Tibetan Rugs

Tiger rugs

A Tibetan tiger rug (modern) with and abstract pelt design. Rugs like this were used as meditation seats when tiger skins were unavailable

The interest of western collectors of Tibetan rugs was particularly piqued by tiger rugs, in part because of their associations with Tantric meditation; many Tibetan tiger rugs were gifts for lamas in the monasteries.

There are several kinds of Tibetan tiger rug designs. Some consist of “realistic” renderings of tiger pelts, while closely related rugs show more abstracted versions of tiger stripes. Another type of tiger rug shows a “whole pelt”, complete with legs and grinning face.
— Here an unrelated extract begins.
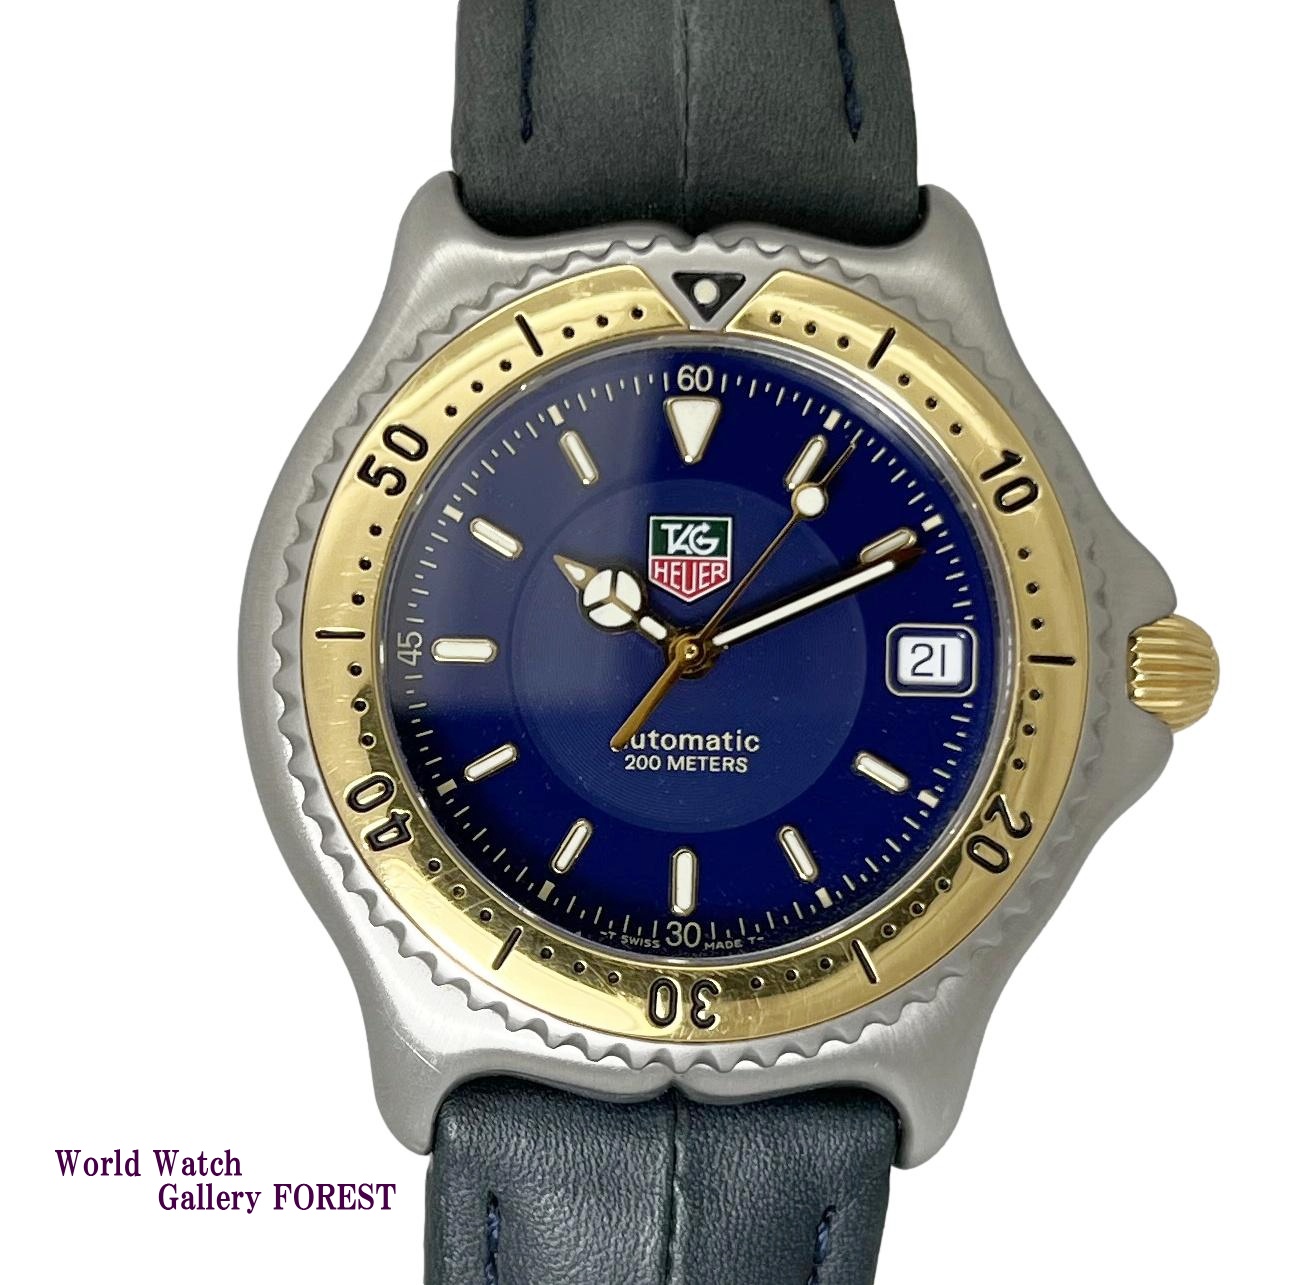 タグホイヤー プロフェッショナル 200M セルシリーズ WI2151-K0 中古 メンズ腕時計 自動巻き 18KYGベゼル
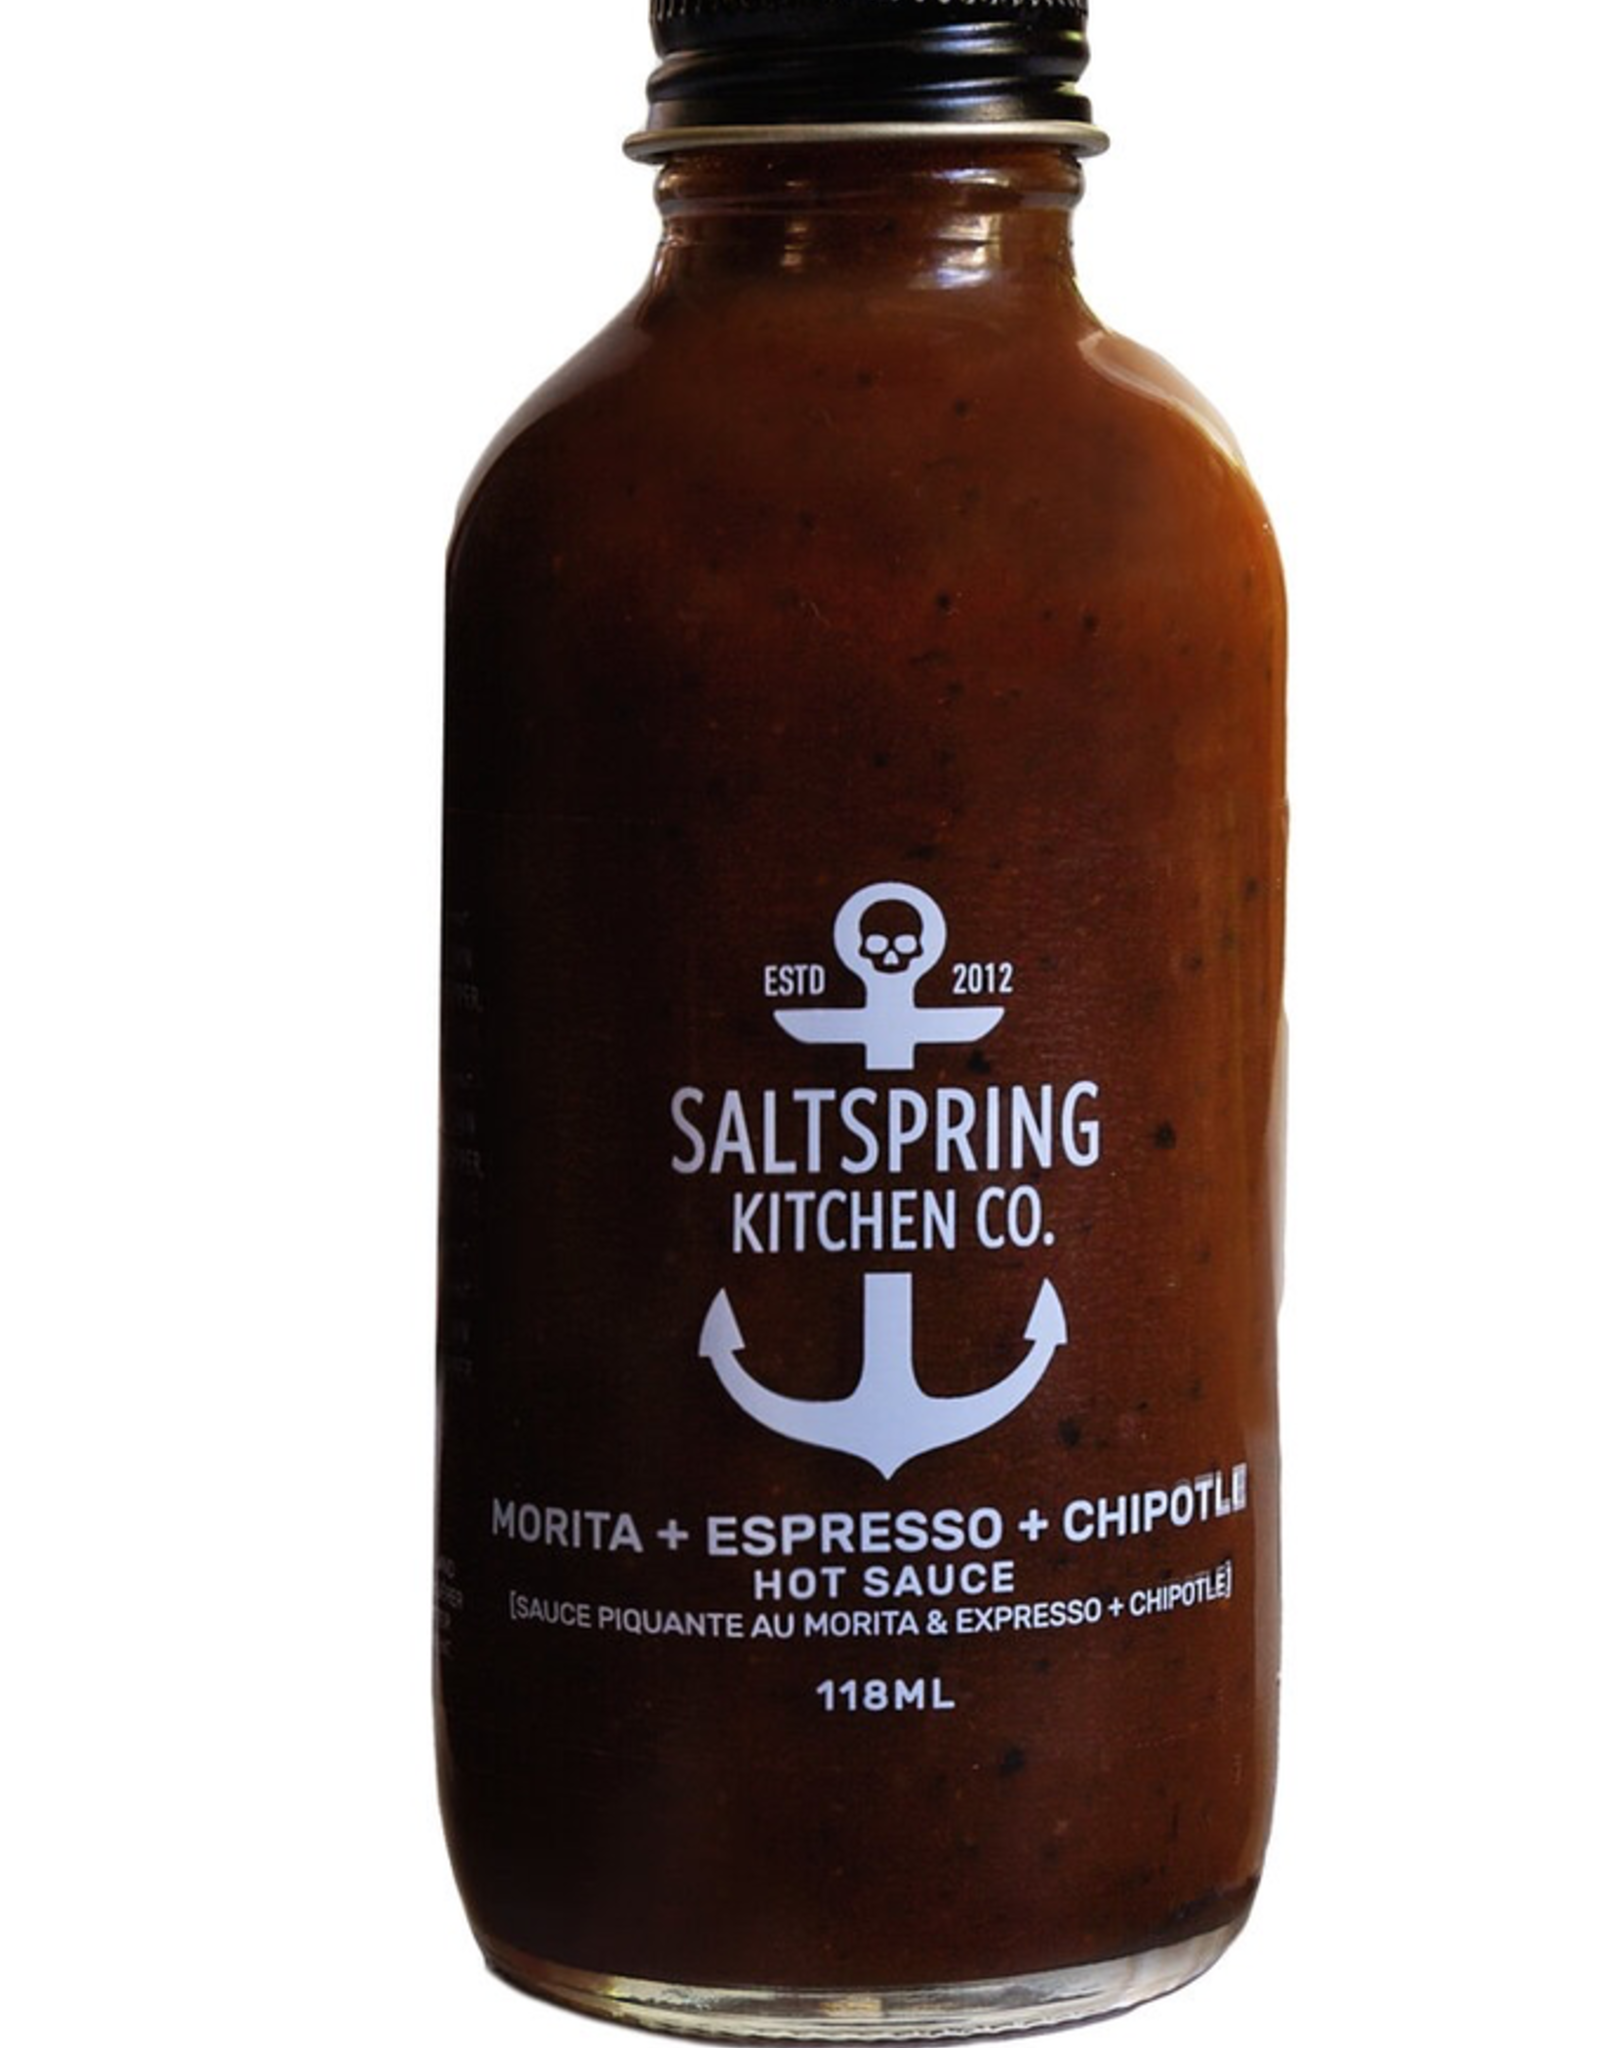 Morita + Espresso + Chipotle Hot Sauce

In a religious context, tiger rugs are related to the tiger skin loin cloths seen in painted images of fierce (wrathful) Tibetan Buddhist gods. The tiger skin is believed to provide protection to a person engaged in meditation. Female wrathful gods sport snow leopard spot loin cloths, and old Tibetan rugs are occasionally found with leopard spots too.

Tiger design rugs are found in several other carpet cultures, including Khotan rugs to the north, however it is amongst Tibetan weavers that these designs achieve their highest development. The designs are lively and amongst the most original of all traditional Tibetan motifs.

Wangden rugs

The term, “Wangden” is a marketplace term referring to a group of rugs of similar structure (a warp faced back weave). But given the wildly different palettes seen in these rugs, it is doubtful they could all originate from the small village of Wangden, located in south/central Tibet. A Tibetan Wangden sitting rug from the late 19th or early part of the 20th century. The red coloring and red fringe indicate that this rug was used in a monastic setting, probably by a senior lama since junior monks rarely owned such pieces

Many Wangden rugs have a looser weave, lower knot count, and a thicker pile than a typical Tibetan carpet, and also sport a thick shaggy fringe. Today these rugs are woven only in the Wangden valley, in the region south of Shigatse, though their manufacture may have been more widespread at one time.[7]

This type of rug was originally made for monastic use as a sitting carpet. Some monasteries still have long Wangden runners on the bench seats used by monks during ceremonies. New rugs are still being woven, though mainly for domestic use and for the visitor market in Lhasa.